[gothic-l] Re: Gothic (Langobardic)

Francisc Czobor czobor at CANTACUZINO.RO
Fri Jul 13 13:05:26 UTC 2001


Hi Dirk,

--- In gothic-l at y..., dirk at s... wrote:
> ...
> Indeed, that is another question that interests me. The exchange of 
 
> "b" for a "p" seems to be a characteristic of both Langobardic and  
> Bavarian and is still clearly noticeable in modern Bavarian. I don't 
> know much about this shift, but would be interested to learn more 
> about it. My hypothesis is that the two languages were very similar 
in 
> the 7th/8th centuries safe for some dialectal variation, which may 
be 
> underscored by the fact that the Langobardic royal house was closely 
> related and of the same origin as the Bavarian ducal house. In fact, 
> the Langobardic royal house was called the Bavarian dynasty.
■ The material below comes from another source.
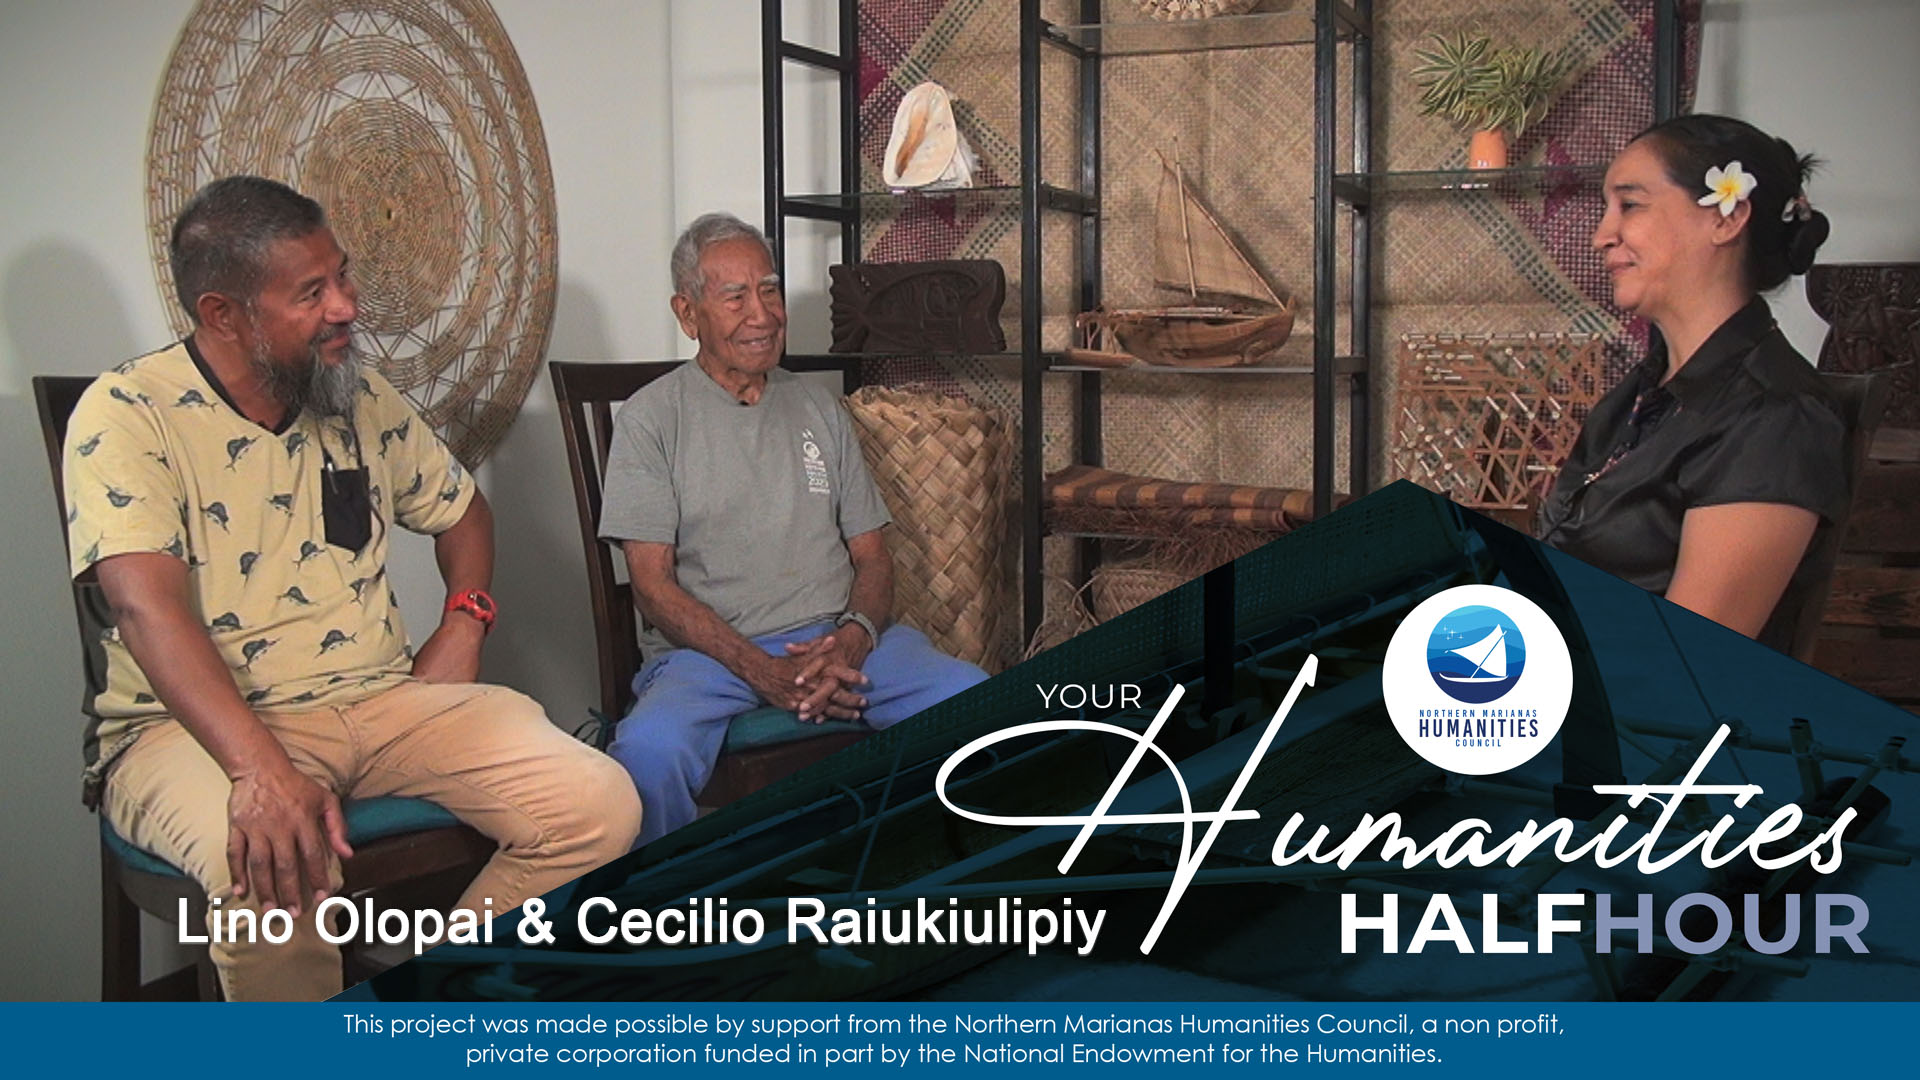 Lino Olopai & Cecilio Raiukiulipiy-The matrilineal clan system of the indigenous Carolinians!

The shift b>p is part of the second consonant shift, that occured in 
High German and Langobardic. In initial position, however, this shift 
appears in only in "Oberdeutsch" (Bavarian-Austrian, Alamanic, Suabian 
and "Oberfränkisch" dialects) and is not reflected in Standard German 
(for instance, in the Bavarian dialect of Old High German we have: 
pruoder for Bruder "brother", part for Bart "beard", peigira for Bayer 
"Bavarian", etc.).
It is not clear to me whether Langobardic was OHG or not. Some 
classify it as an OHG dialect, others say that initially it was an 
Ingevonic (Anglo-Frisian)-type Germanic language, but, being in the 
neighborhood of OHG, participated in the second consonant shift, but 
in somehow different conditions than OHG.